The state legislature gave final approval to more bills Saturday, the final day of the 60-day legislative session, than it did during the previous 59 days.
The House and Senate passed approximately 220 bills overall the last two months with about 125 of those during 13 hours on the floor Saturday.
Among the bills approved:
–a bill that would require the state’s health insurance program, PEIA, to pay for maternity services of dependents of those covered by the plan.
–a measure requiring sheriff’s departments to provide bulletproof vests for all county deputies.
–a bill making it a misdemeanor crime for a person on a grand jury to disclose the identity of someone who had been indicted.
–tanning bed regulations aimed at teenagers.
–reducing the amount of money available for a tax credit under the WV Film Office.
–changing water quality standards when it comes to selenium.
–an adjustment in the judicial retirement plan that will reduce what some circuit judges pay into the program, resulting in a take home pay increase of $4,100 for some judges.
–a bill to combine Bridgemont and Kanawha Valley Community and Technical colleges.
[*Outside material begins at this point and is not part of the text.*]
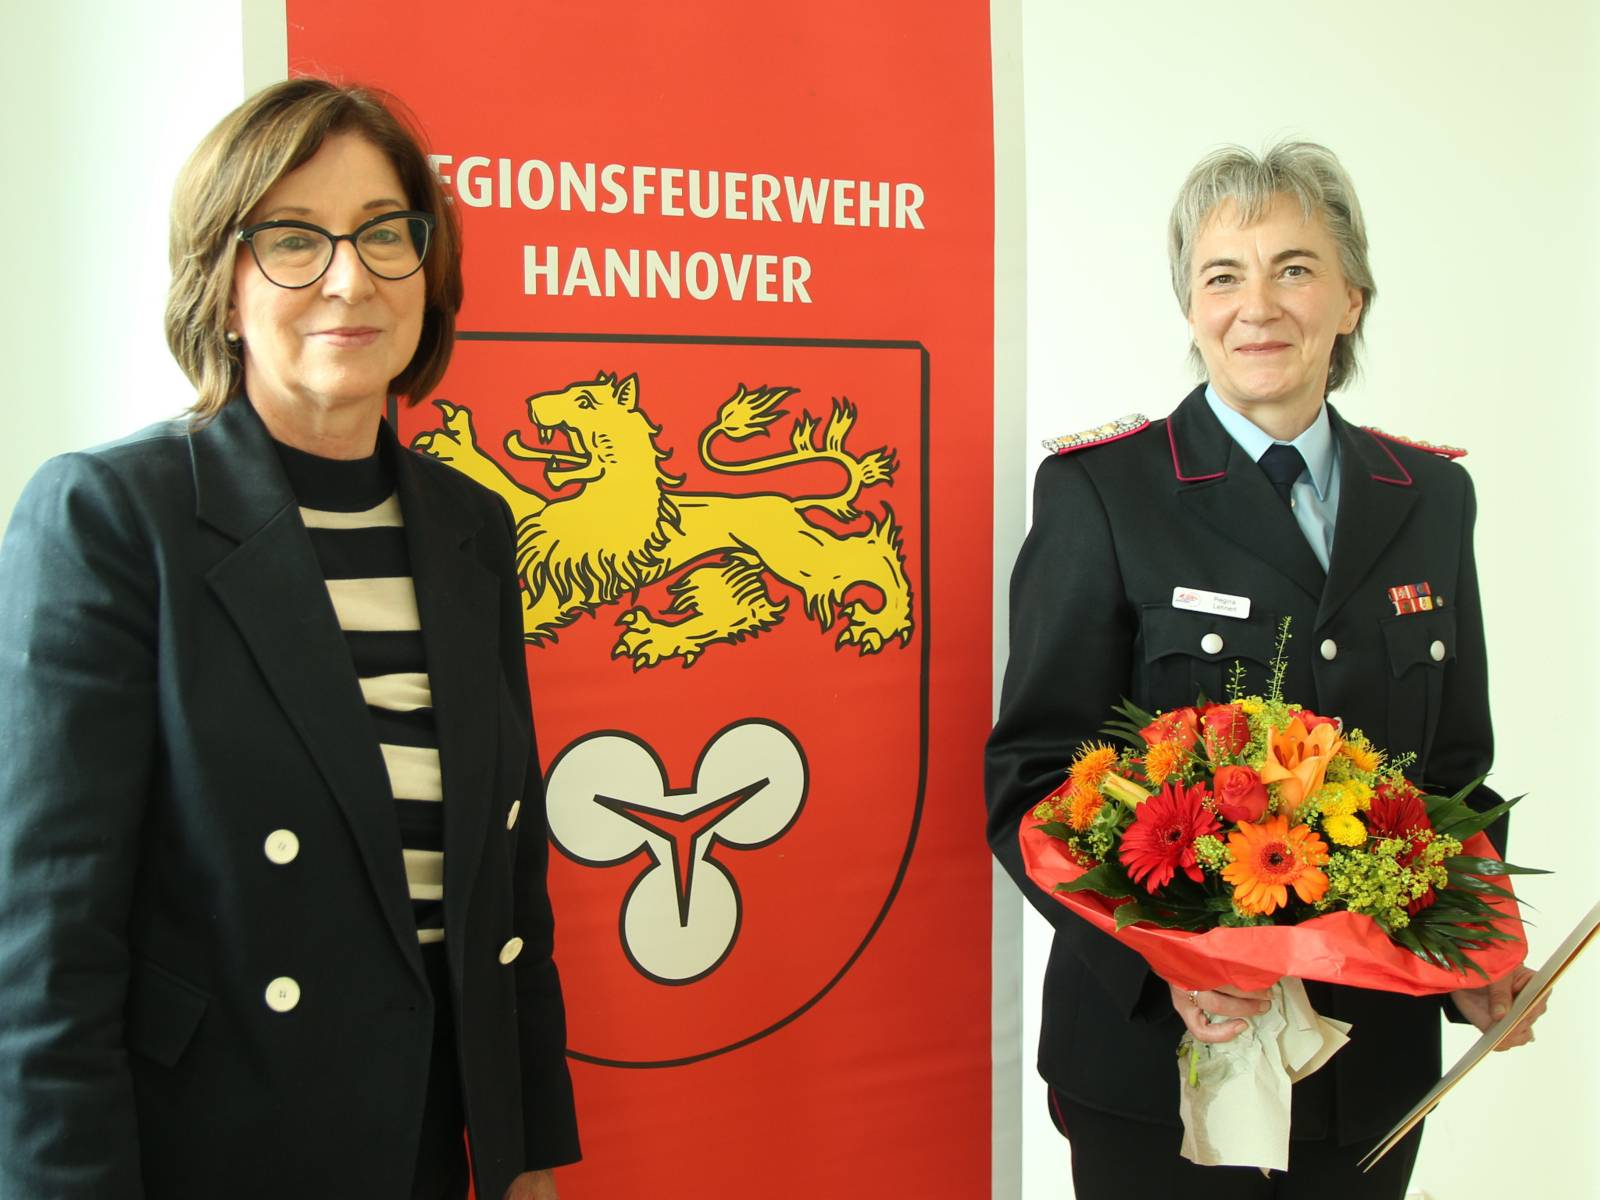 Zwei Damen vor einem großen Banner auf dem Regionsfeuerwehr Hannover steht. Eine der Damen hält einen Blumenstrauß in den Händen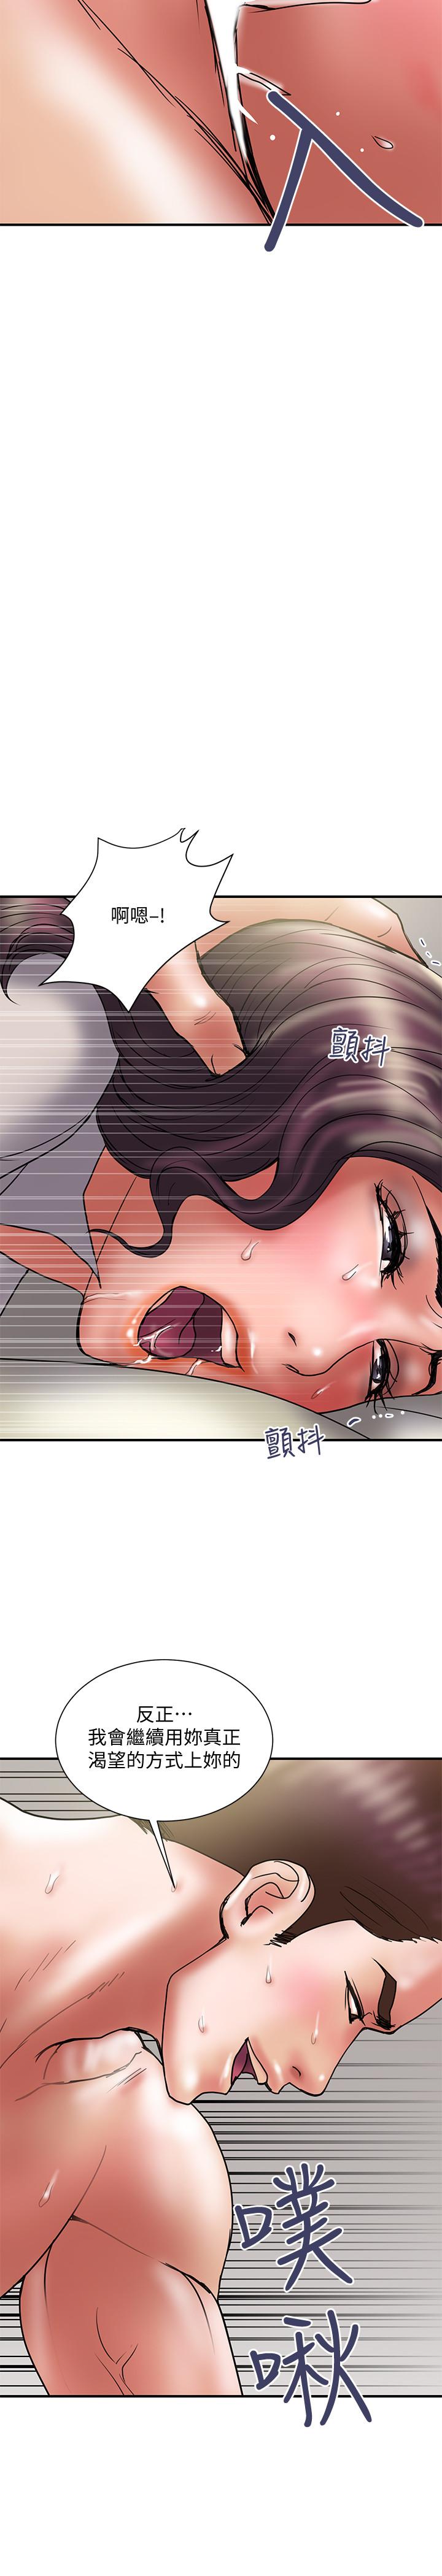 韩国污漫画 計劃出軌 第37话-屈辱与快感交错 20

–making permanent the Supreme Court Election Public Financing program.
–the governor’s drugged driving bill.
–a bill making it illegal for teenagers to participate in sexting.
It will take several days to get the bills down to the desk of Gov. Earl Ray Tomblin and then several more days for his legal staff to review them before he decides to sign them into law or veto the measures.
The state budget conference committee will begin meeting Monday. A budget will likely be agreed on by the end of the week.